IndyCar cancelled the Indianapolis 500 and moved it to Aug. 23. Would it not have been better to say the 500 would be held when it could be held rather than trying to appear definite? Otherwise, it becomes a mug’s game.


When they announced that the 500 would be moved, the IndyCar brass said the season would start with the two races on Belle Ilse in Detroit the end of May/first of June. Pretty optimistic. But the idea was that the races would kick off the two-week Detroit auto show community festival. Unfortunately, this weekend, the auto show festival was called off, which means the auto races are under threat.

Maybe it would have been better to just say the season was off – except for the 500, which wold be held if possible. Street races like the Honda Indy Toronto cost a fortune because of setup and teardown and it’s highly unlikely the promoters will start to build Toronto if there is any chance they won’t be able to actually hold a race.

See? Who really knows? Nobody, that’s who.

Which brings up this thought. Say they all get to start – or, in NASCAR and IMSA’s case, restart – the seasons and then nobody comes. I think people will be very wary this year of attending sports events with thousands of other people. It will be one thing to re-open the coffee shops and restaurants and department stories because some – albeit reduced – social distancing can still happen in those places.

But to go to the Rogers Centre to watch the Blue Jays or the Scotiabank Arena to watch the Leafs or to go to Exhibition Place to be packed in to watch the Indy cars race in July is another matter entirely. TV ratings will be phenomenal but I really expect sports crowds in stadiums will be way down and, in the case of auto racing, could threaten future races if the losses turn out to be monumental. Better they not happen at all.

You have to feel sorry for Roger Penske. At 83, he’s the most – yes, the most – successful businessman in the United States and a man who has given his all to the sport. He now owns the Indianapolis Speedway and the IndyCar Series and everybody who knows anything about the man has been rejoicing at the potential for the iconic race track and the series.

And now this.

Everybody has the right to be optimistic. Guys like me, who have spent their entire working lives reporting bad news, tend to be pessimists. It’s bad enough when you can see the finish line and get to guess who will arrive there first. It’s impossible to pick a winner when there is no finish line.

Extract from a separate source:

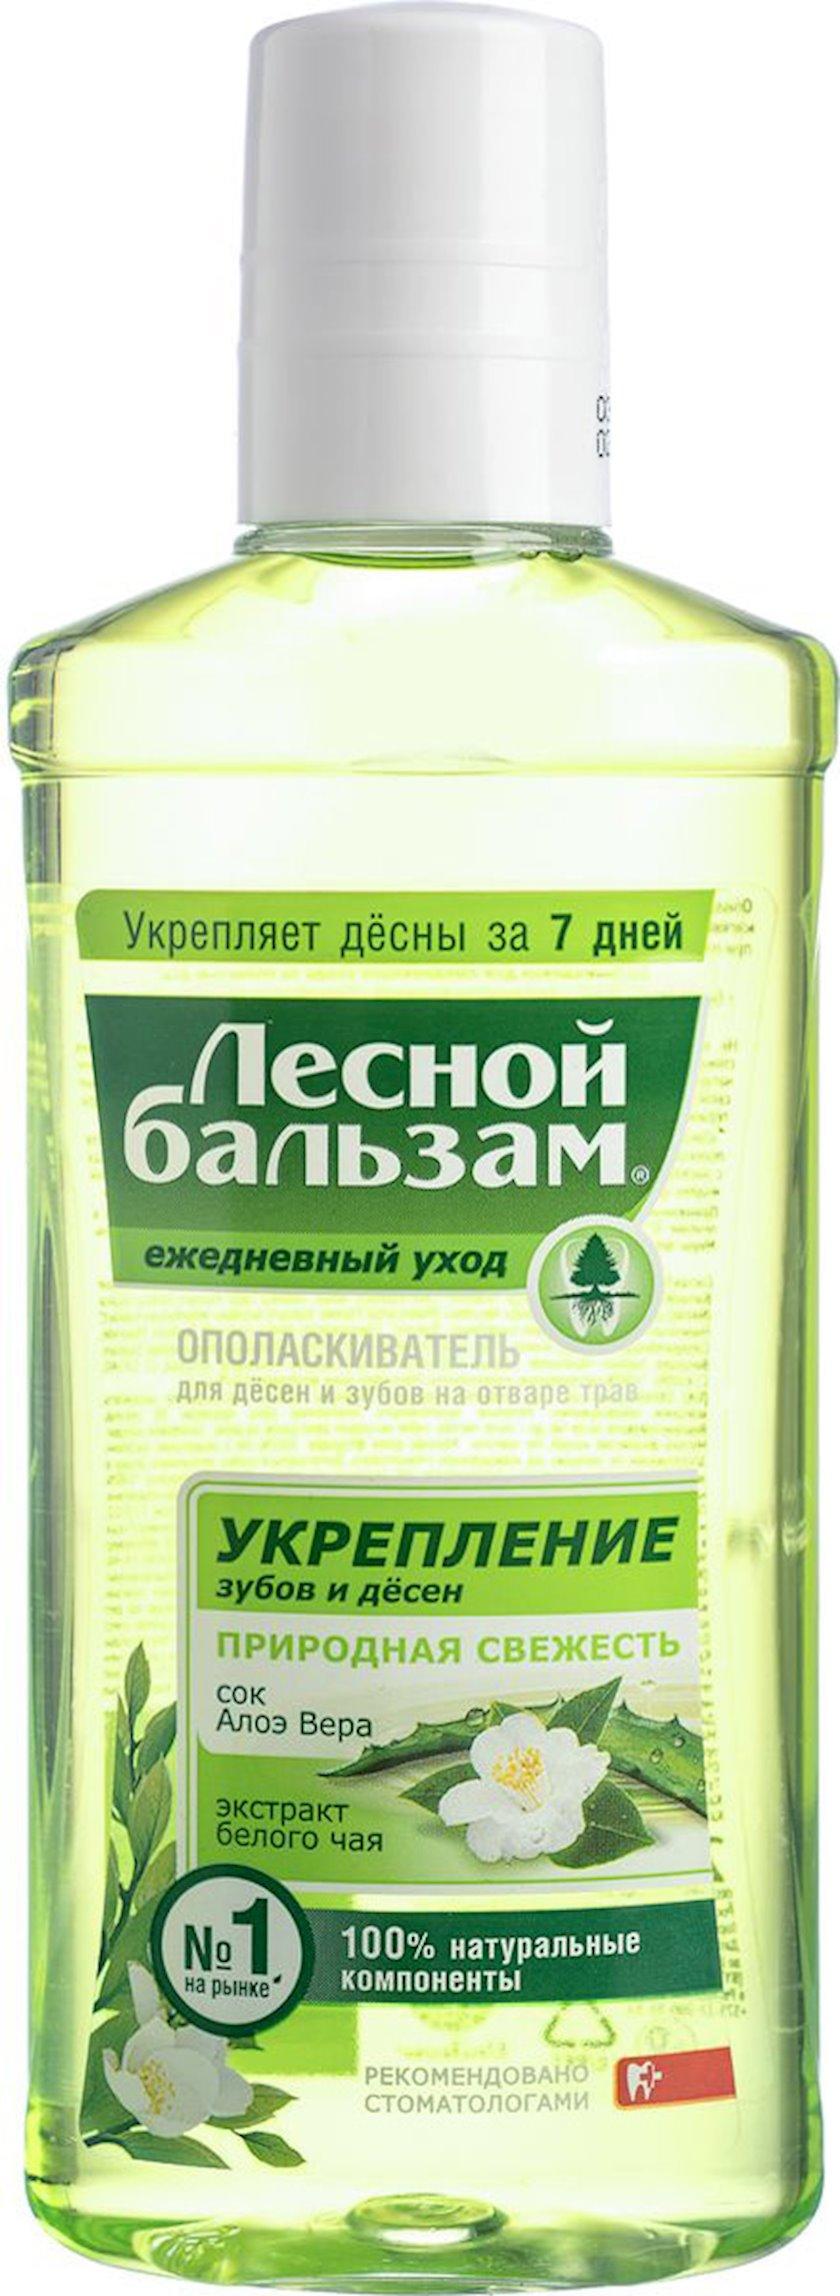 Ağız boşluğu yaxalayıcısı Лесной бальзам Təbiət təravəti, 250 ml

My father, the late J.A. (Al) McDonald used to say that whenever you’re in doubt about something, “drop back 10 yards and punt.” He meant that by kicking the ball as far as you could, it would give you time to figure out what to do before it came down.

Which is why cancelling auto racing for 2020 might – hell, would – be the best way to go.

Meantime, F1, NASCAR, IndyCar, the World of Outlaws and just about everybody else in auto racing is involved with iracing.com in virtual racing. The drivers sit at home in their simulators and “race” against each other at famous race tracks.

I know some people think this is swell but I don’t. Simulated racing is terrific when you do it – it’s great fun – but boring to watch after awhile because it isn’t real. I watched an IndyCar “race” from “Watkins Glen” on Saturday and found it interesting for 10 minutes and then went off to do something else. Leigh Diffey, Townsend Bell and Paul Tracy were doing their schtick, just like it was a real race, but the banter was awkward. And at one point, Scott Speed spun out and stalled his car. He was going to have to refresh or reboot his game, so while I was watching him sitting there, his car just disappeared from the screen.

NASCAR had a “race” from “Texas Motor Speedway” on Sunday, which I watched – again, for 10 minutes. They didn’t try to make it into a real race; Jeff Gordon interviewed Clint Bowyer, and others, in their living rooms. Dale Earnhardt Jr. made a “comeback” to race in the Cup series. The TV networks are desperate for programming, though, so FOX and TSN carried the NASCAR race, in which NASCAR Pinty’s Series racer Alex Labbe made an impression.

For the record, Timmy Hill won the NASCAR race Sunday and Sage Karam was first in the IndyCar race Saturday.